Kara T, Ozcan Kara P, Baba F, Celik C, Kara Gedik G
Department of Radiology, Beyhekim Hospital, Selcuklu, Konya, Turkey.
Rev Esp Med Nucl. 2011 Nov-Dec;30(6):368-71. doi: 10.1016/j.remn.2010.10.016. Epub 2011 Mar 26.
Epithelioid trophoblastic tumor is a recently described, rare and distinctive type of gestational trophoblastic tumor. We report the case of a 31-year old patient who had a full-term pregnancy 18 months before presentation. She had a right axillary lymph node metastasis and was referred for FDG-PET/CT scan for evaluation of distant metastasis and to detect primary malignancy. The axillary lymph node biopsy revealed metastatic breast carcinoma.

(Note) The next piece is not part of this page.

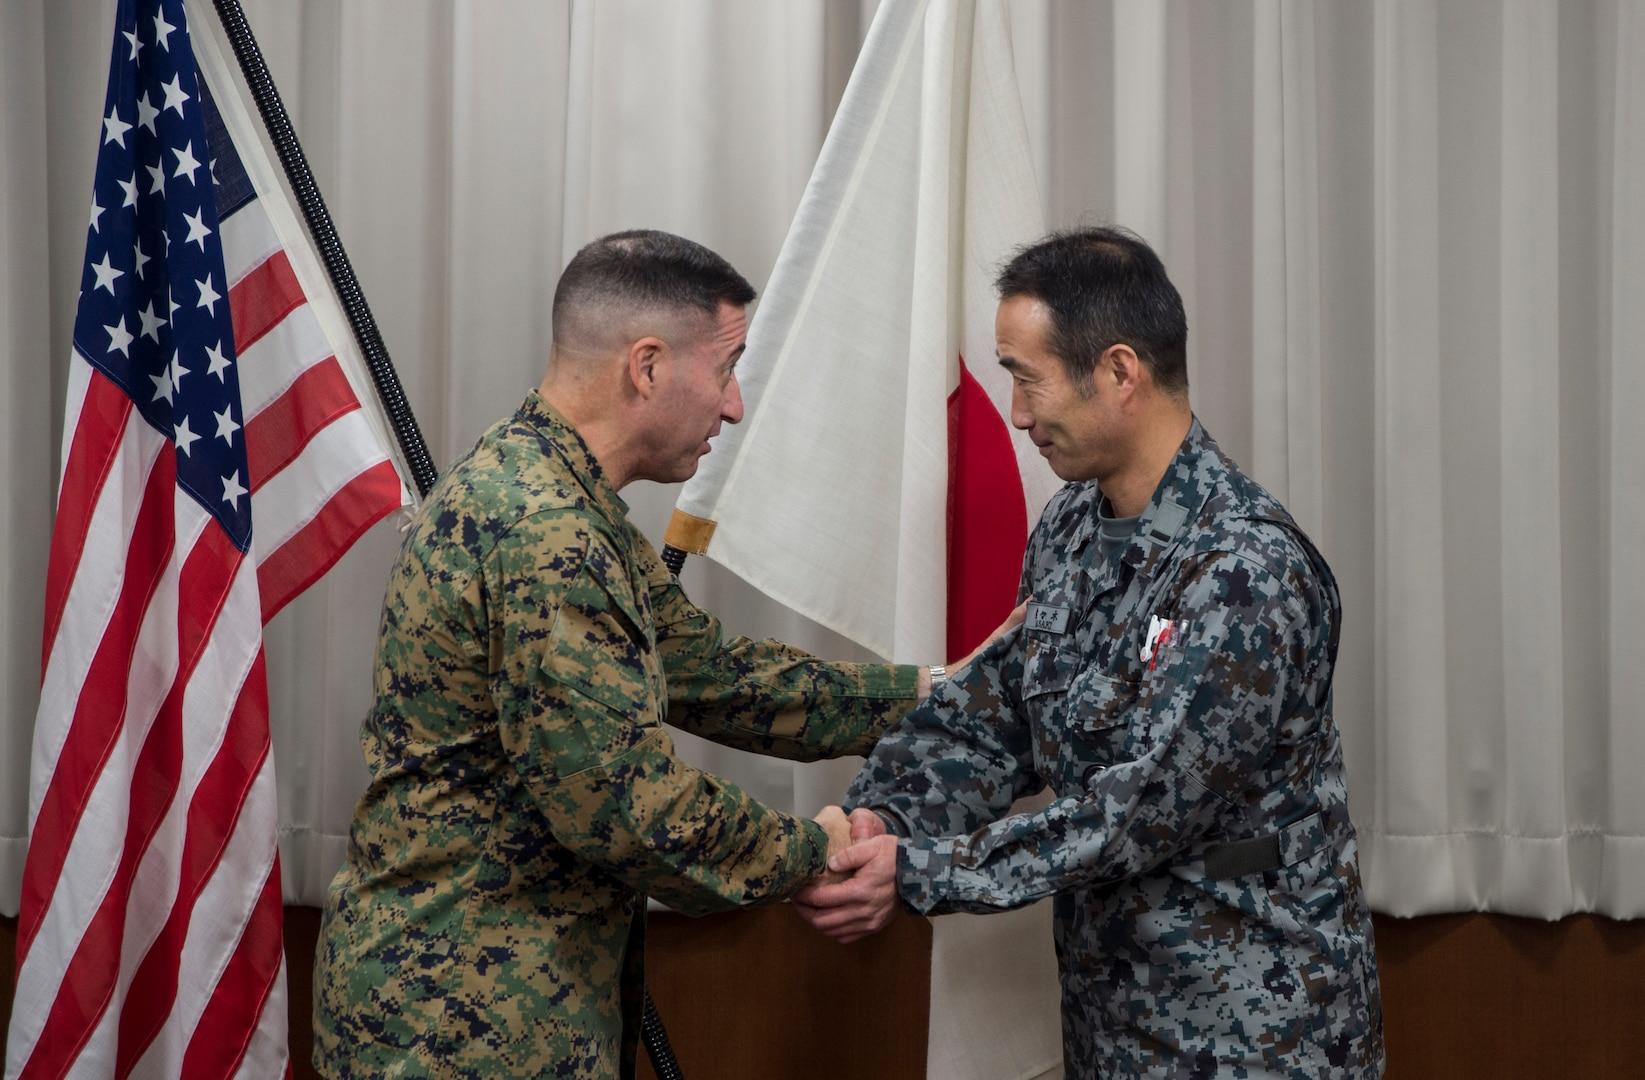 Pacific Command senior enlisted leader visits Misawa, emphasizes warfighter mindset

FDG-PET/CT revealed increased uptake of right axillary lymph node, soft tissue density lesion with a diameter of 24 mm on left cervical region with increased FDG uptake, increased uptake on cervical region and left inguinal lymph node with increased uptake. Pelvic MRI imaging and ultrasonography were negative for malignancy in cervical region. Biopsy of the lesion was consistent with epithelioid trophoblastic tumor in cervical region. Gestational trophoblastic tumor was not suspected because she had no signs such as abnormal vaginal bleeding. FDG-PET/CT demonstrated the primary lesion in cervical region. We report a rare case of primary epithelioid trophoblastic tumor detected only with FDG-PET/CT scan which synchronized with breast carcinoma.

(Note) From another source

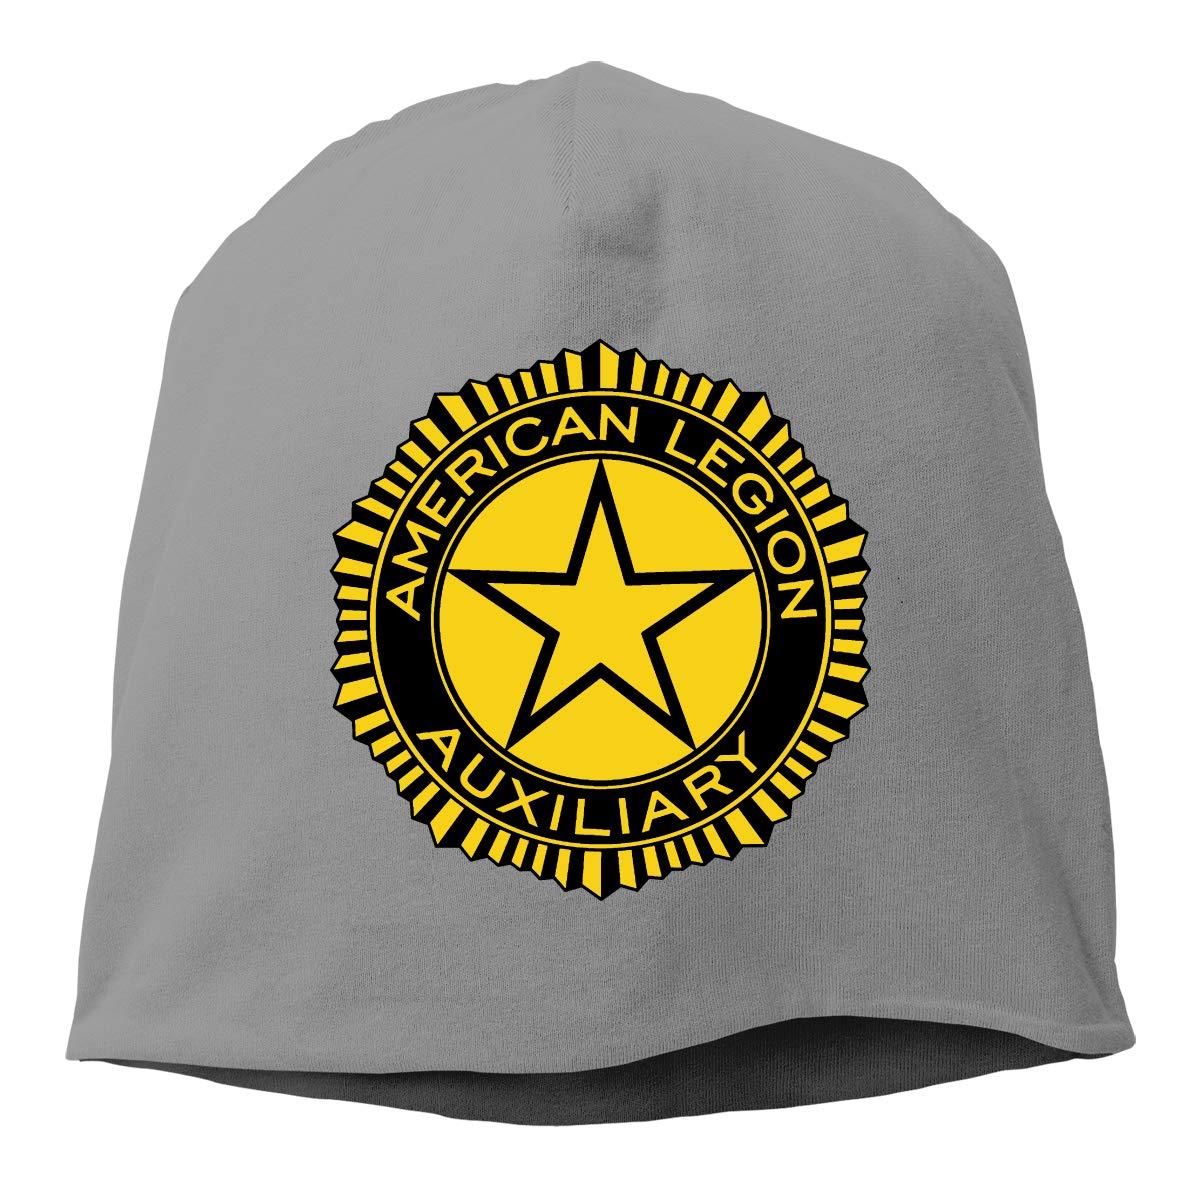 CRISCAP American Legion Auxiliary Helmet Liner Thin Skull Cap Beanie Hip Hop Cap

上皮样滋养细胞肿瘤是一种最近才被描述的、罕见且独特的妊娠滋养细胞肿瘤类型。我们报告一例31岁患者,其在就诊前18个月曾足月妊娠。她有右腋窝淋巴结转移,因评估远处转移及检测原发性恶性肿瘤而被转诊进行氟代脱氧葡萄糖正电子发射断层显像/计算机断层扫描(FDG-PET/CT)。腋窝淋巴结活检显示为转移性乳腺癌。FDG-PET/CT显示右腋窝淋巴结摄取增加,左颈部区域有直径24mm的软组织密度病变且FDG摄取增加,颈部区域及左腹股沟淋巴结摄取增加。盆腔磁共振成像(MRI)和超声检查显示宫颈区域无恶性病变。病变活检结果与宫颈区域的上皮样滋养细胞肿瘤相符。由于她没有异常阴道出血等症状,所以未怀疑妊娠滋养细胞肿瘤。FDG-PET/CT显示了宫颈区域的原发性病变。我们报告一例仅通过FDG-PET/CT扫描检测到的原发性上皮样滋养细胞肿瘤罕见病例,该病例与乳腺癌同时存在。